A new technique aims to make reinforcement learning for large language models more precise by being choosy about which tokens drive training.
Researchers introduced the Relative Surprisal Index (RSI), an information-theoretic metric designed to improve RL with Verifiable Rewards (RLVR) — a training approach that uses checkable correct-or-wrong signals, like math answers, to push models toward better reasoning. The core tension RSI addresses is a standing disagreement in the field: one camp says training should focus on high-entropy token positions; another warns that low-probability tokens can destabilize gradient updates. RSI couples both signals into a single measure, then uses it to filter out tokens that are either too predictable to teach anything or too erratic to learn from reliably. The resulting method, RSI Selection, keeps only tokens within a stable RSI window.
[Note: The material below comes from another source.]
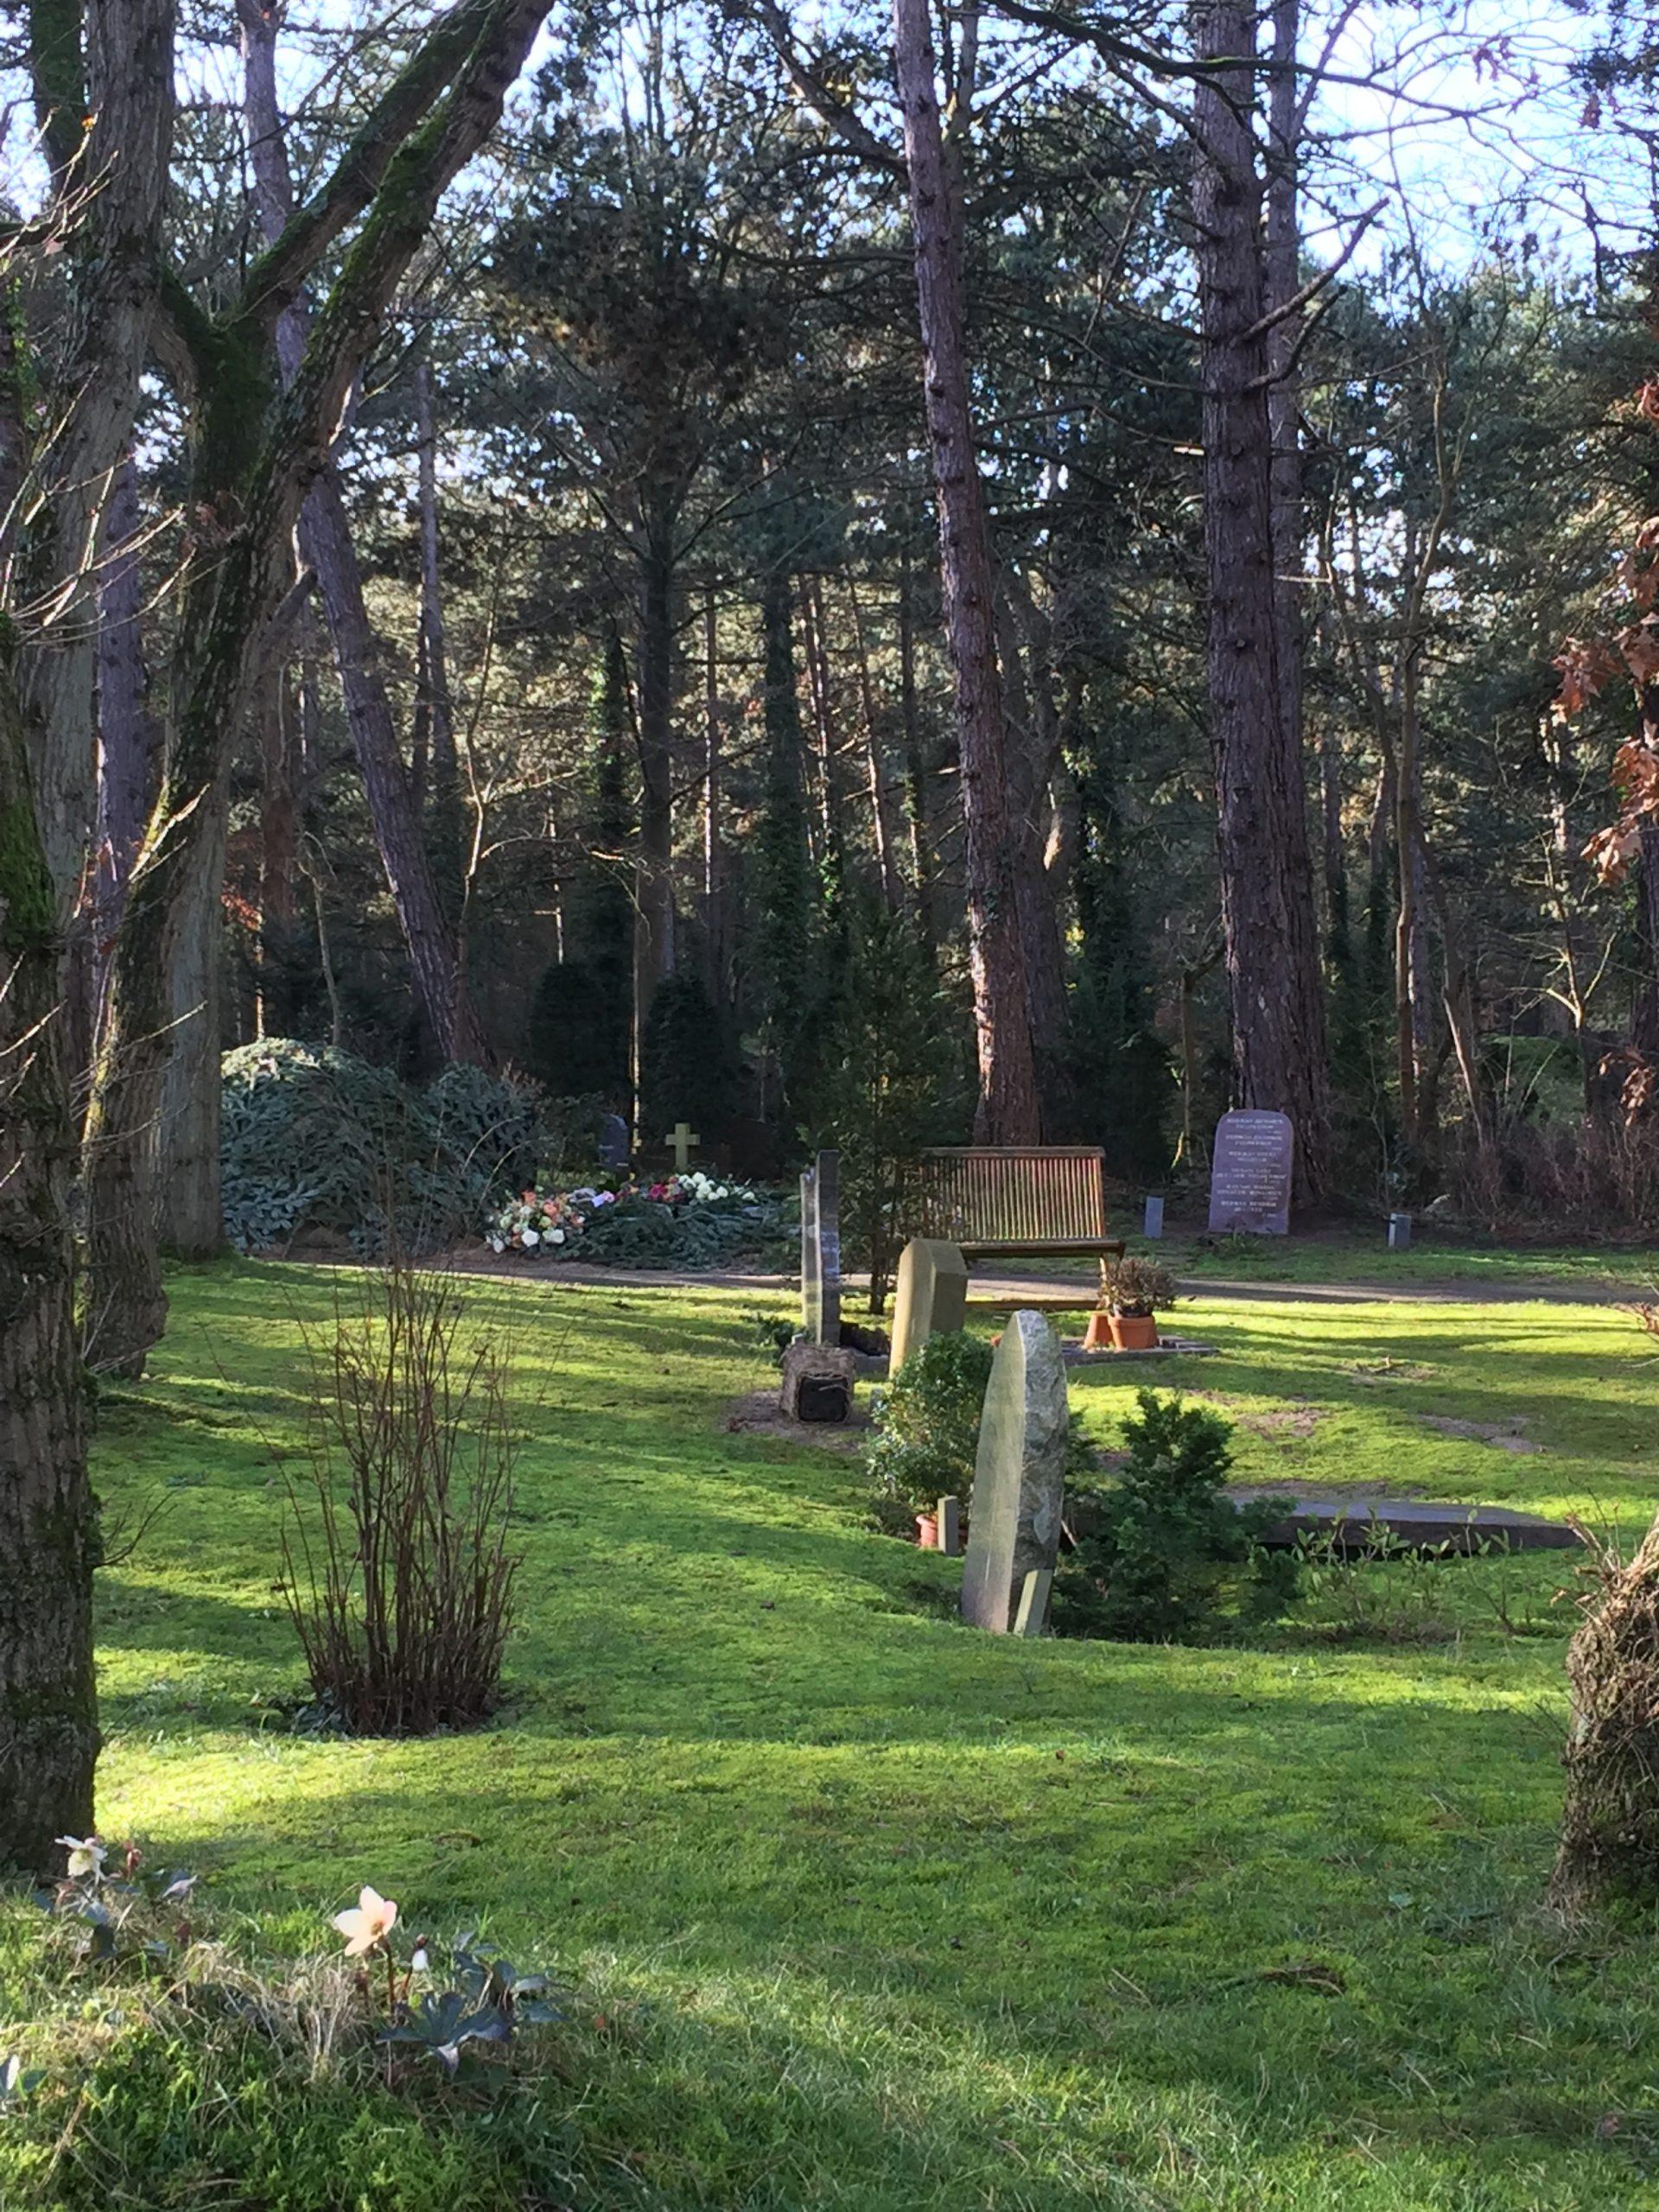 BEgraafplaats met heuvelige, groene grond, bomen en enkele graven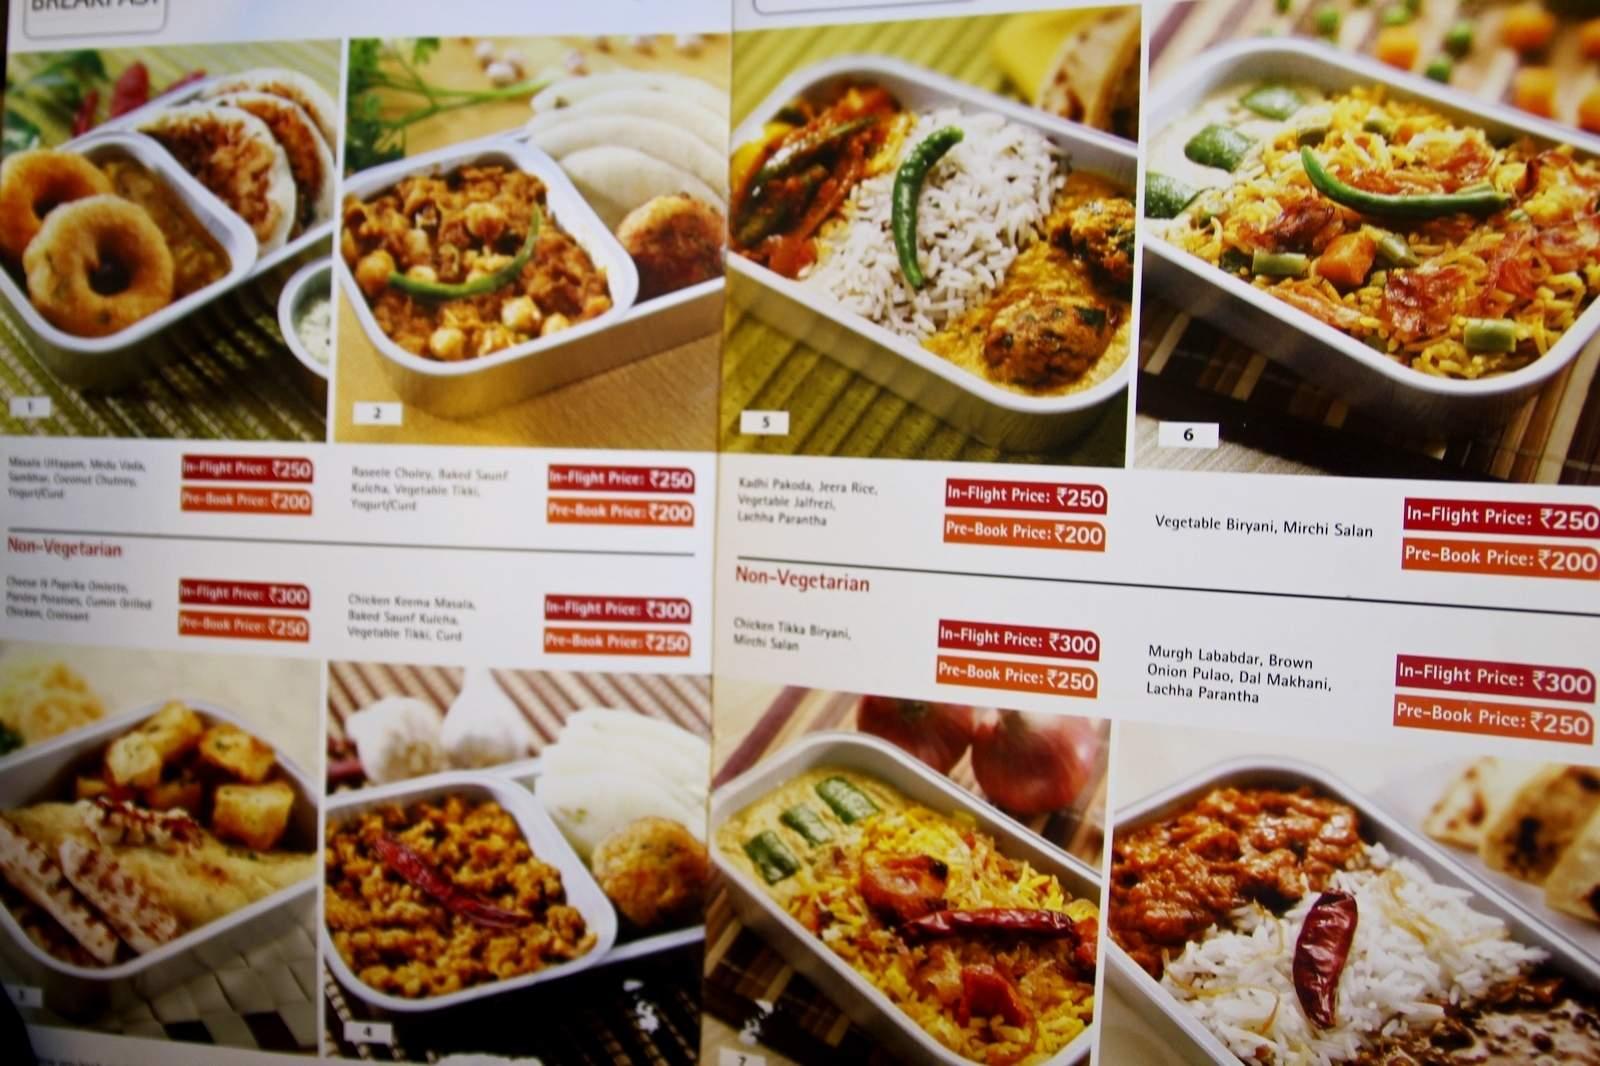 Cennik jedzenia w samolocie linii Spice Jet

The practical gains are modest but consistent: across Qwen2.5 models at 1.5B, 3B, and 7B parameters, RSI Selection improved avg@32 accuracy on the AIME and AMC math benchmarks by 2-3 percentage points over GRPO, a widely used RLVR baseline. That margin matters because math benchmarks at this level are already competitive, and squeezing out percentage points without scaling up compute is exactly what efficiency-focused labs are hunting for.
RSI won't rewrite how frontier models are trained overnight — 2-3 points on math benchmarks is meaningful signal, not a mandate to overhaul pipelines. But if the metric generalizes beyond math to other verifiable-reward domains, it could become a quiet fixture in the RLVR toolkit.